Setelah 2-3 hari larva ini akan menjadi nimfa. Yang jantan nimfanya hanya 1 kali saja, sedang yang betina mengalami stadium nimfa 2 kali. Siklus hidup memakan waktu selama 12-14 hari, bentuk dewasa betina hidup selama 4-6 minggu, bila host mati maka dalam tempo 2-3 hari tungau akan mati. Masa ikubasi skabies ini kira-kira 1 minggu dengan gejala gatal-gatal yang disebabkan oleh sekresi toksik dan tinja Sarcoptes scabiei (Sembiring, 2011).
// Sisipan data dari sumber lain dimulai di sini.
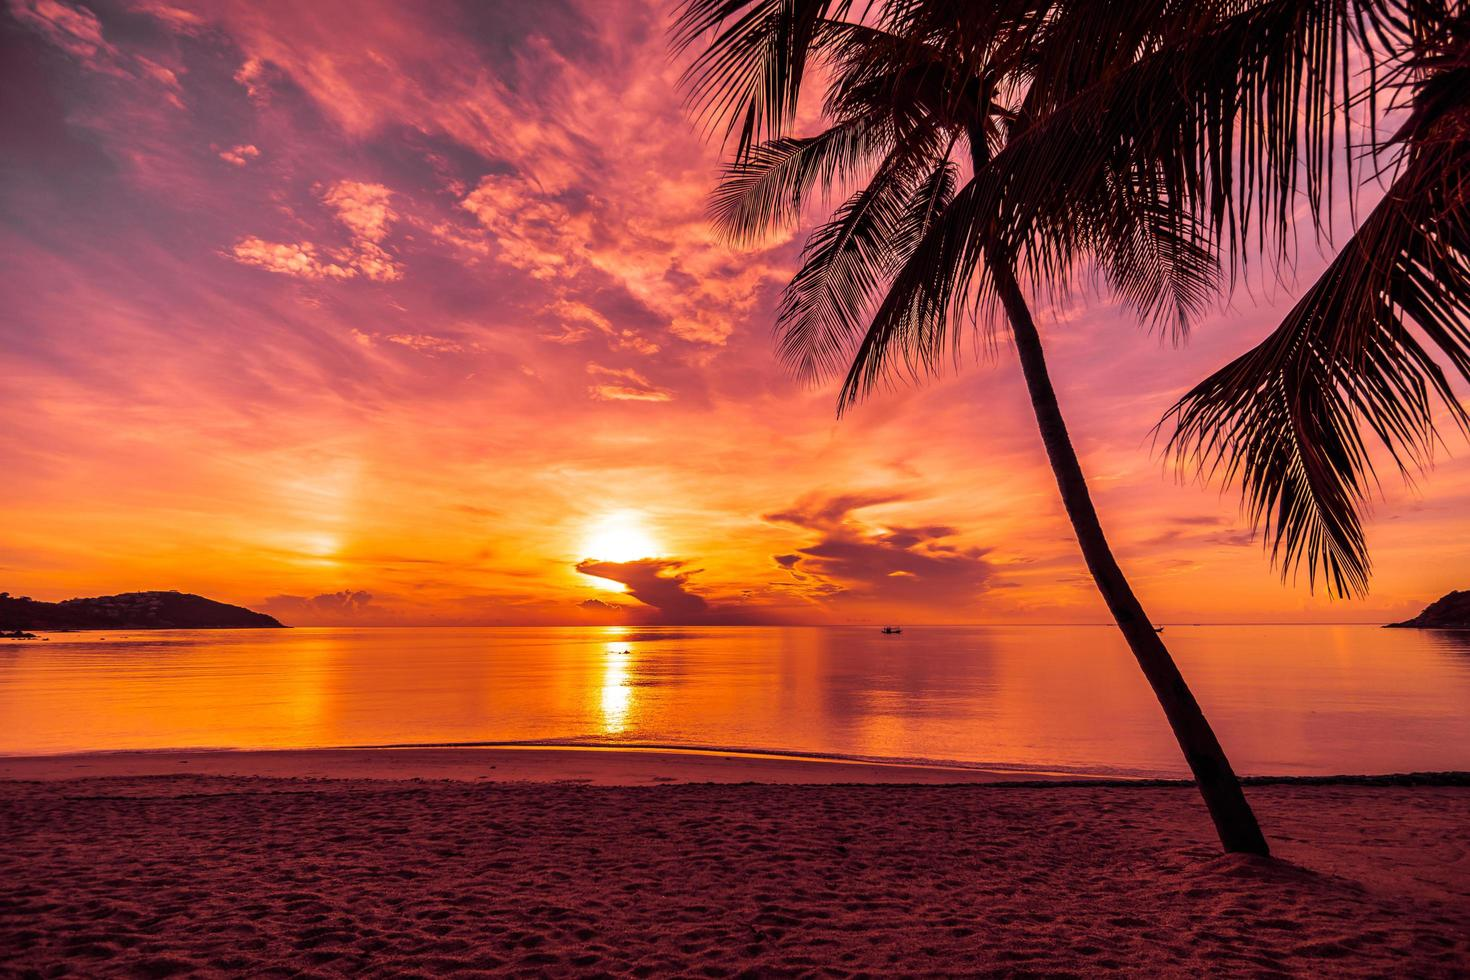 Sunset on the tropical beach photo

Gambar 2. Siklus Hidup dari Sarcoptes scabiei. Sumber: Centers for Disease Control and Prevention, 2010

2.1.5. Patogenesis

Tungan betina yang hamil, menggali terowongan di Stratum korneum, kemudian meletakkan telur dan butiran tinja (skibala) dibelakangnya seiring dengan gerakan majunya (Goodheart, 2009).

Peletakan telur, butiran tinja, dan sekresi lain memicu reaksi iritasi dan alergi, yang merupakan penyebab timbulnya gatal dan reaksi hipersensitivitas tipe IV (lambat) yang terjadi sekitar 30 hari setelah infestasi (Goodheart, 2009).